BEGIN DATASET CONTENT

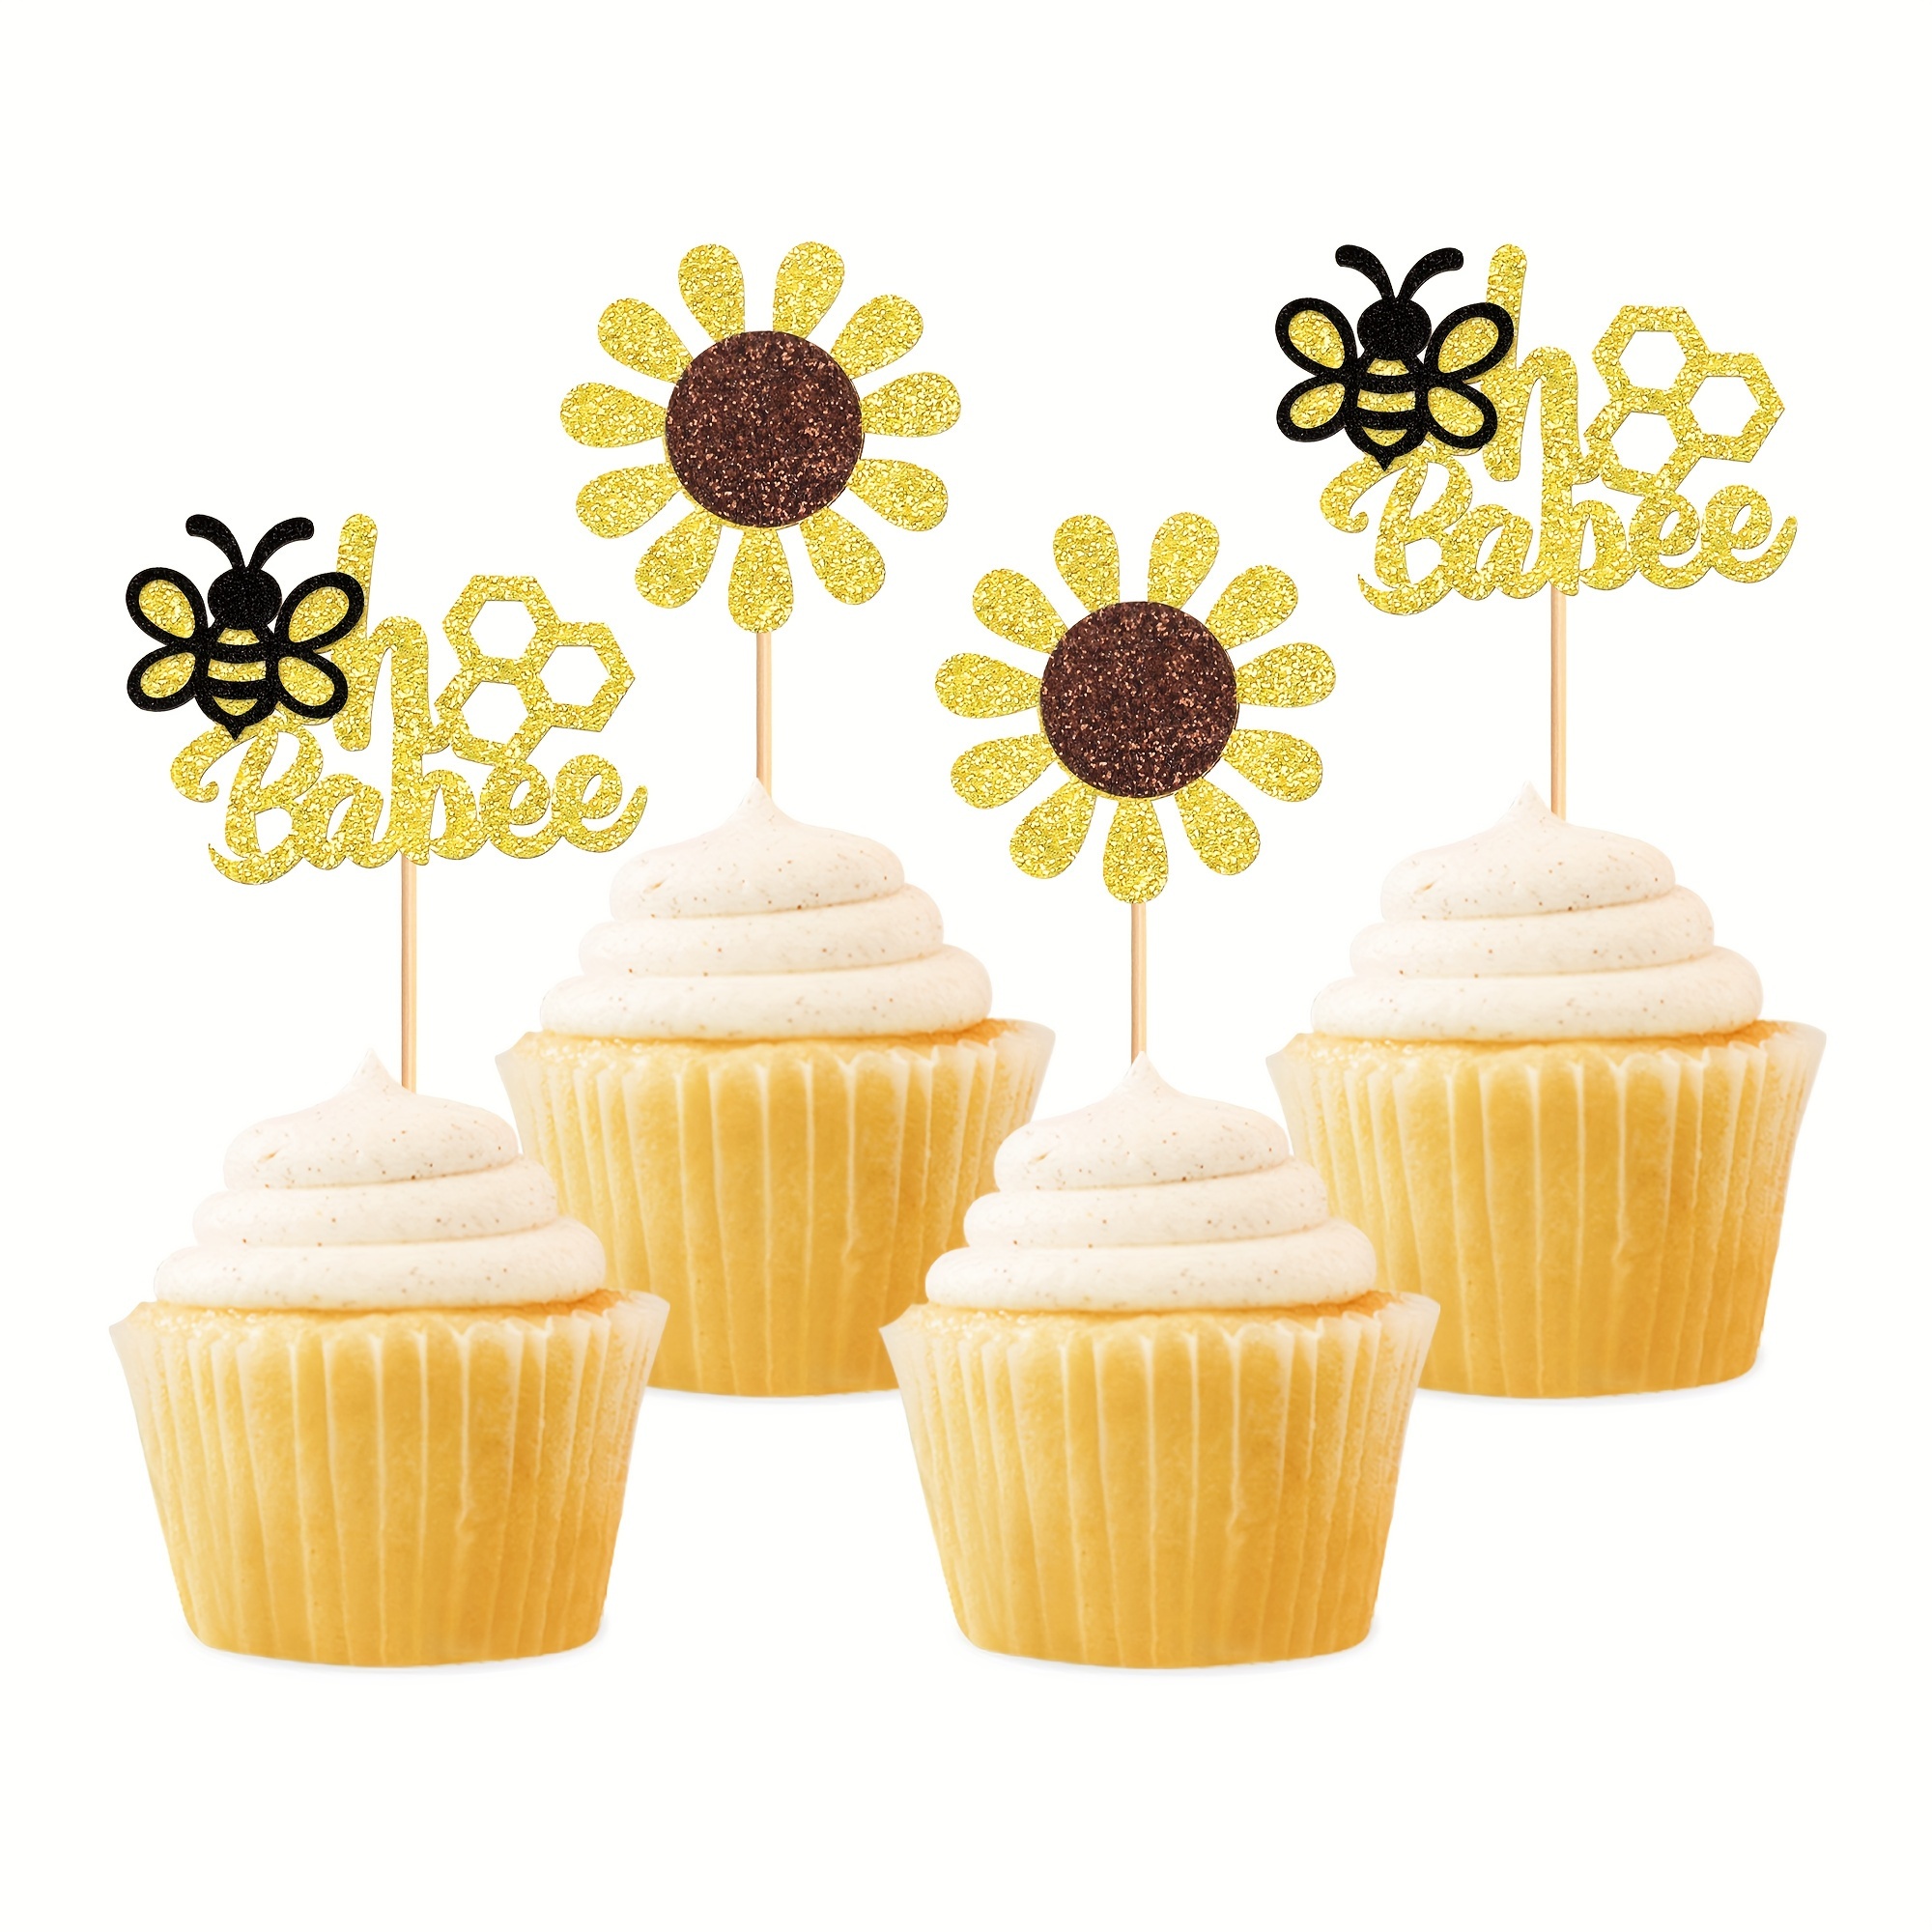 50 Pack Bee Cupcake Toppers Glitter Bumble Bee Cupcake Toppers for Bumble Bee Gender Reveal Baby Shower Birthday Party Decor
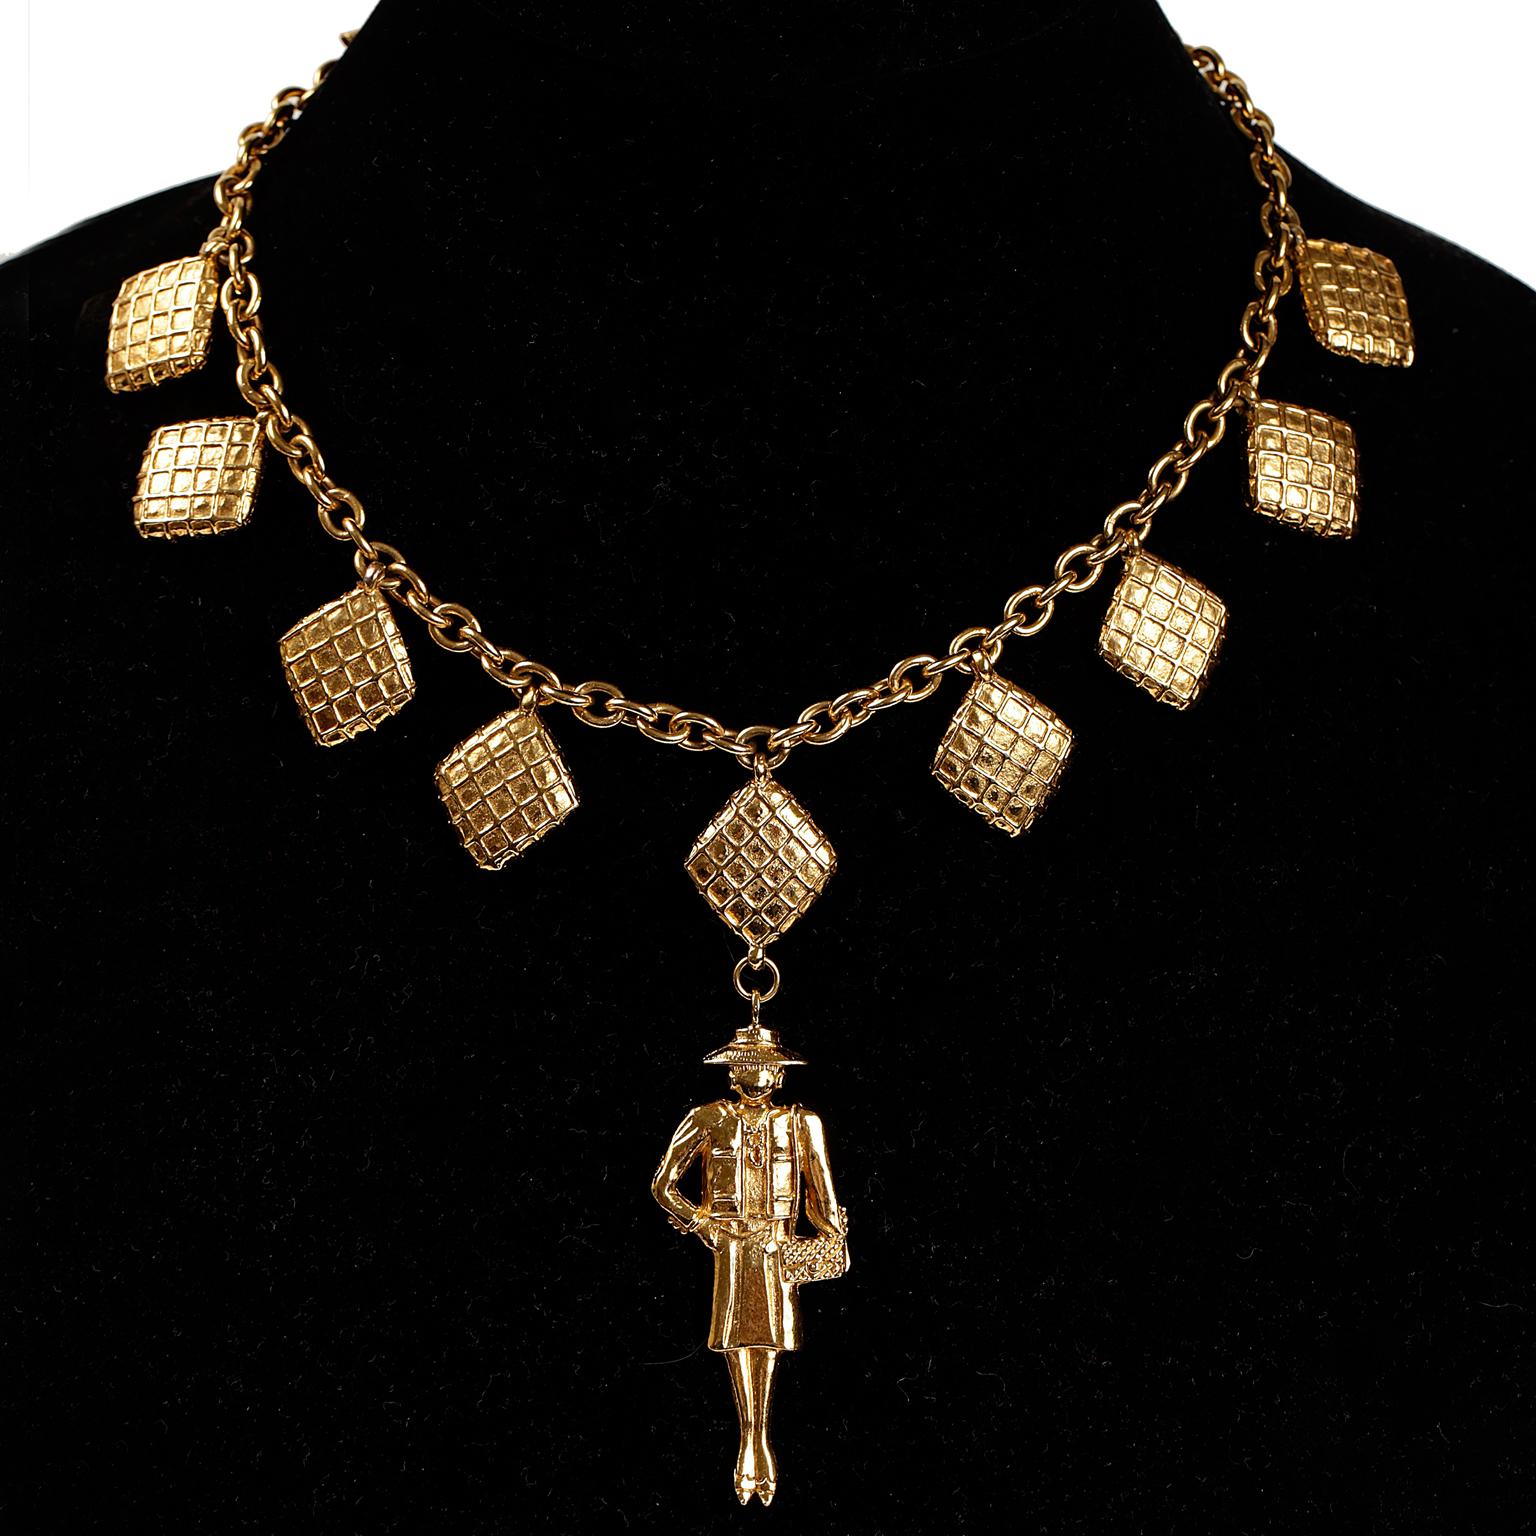 Chanel Gold Coco Pendant Necklace- excellent condition
Choker length gold chain with quilted charms.  Classically clad gold Coco charm dangles from the center.  Length fourteen inches.

END DATASET CONTENT

Your copy should start at the line with "Chanel Gold Coco", stop at the last line of the listing above, match exactly, and contain no pictures.

> _SOLUTION_:
 Chanel Gold Coco Pendant Necklace- excellent condition
Choker length gold chain with quilted charms.  Classically clad gold Coco charm dangles from the center.  Length fourteen inches.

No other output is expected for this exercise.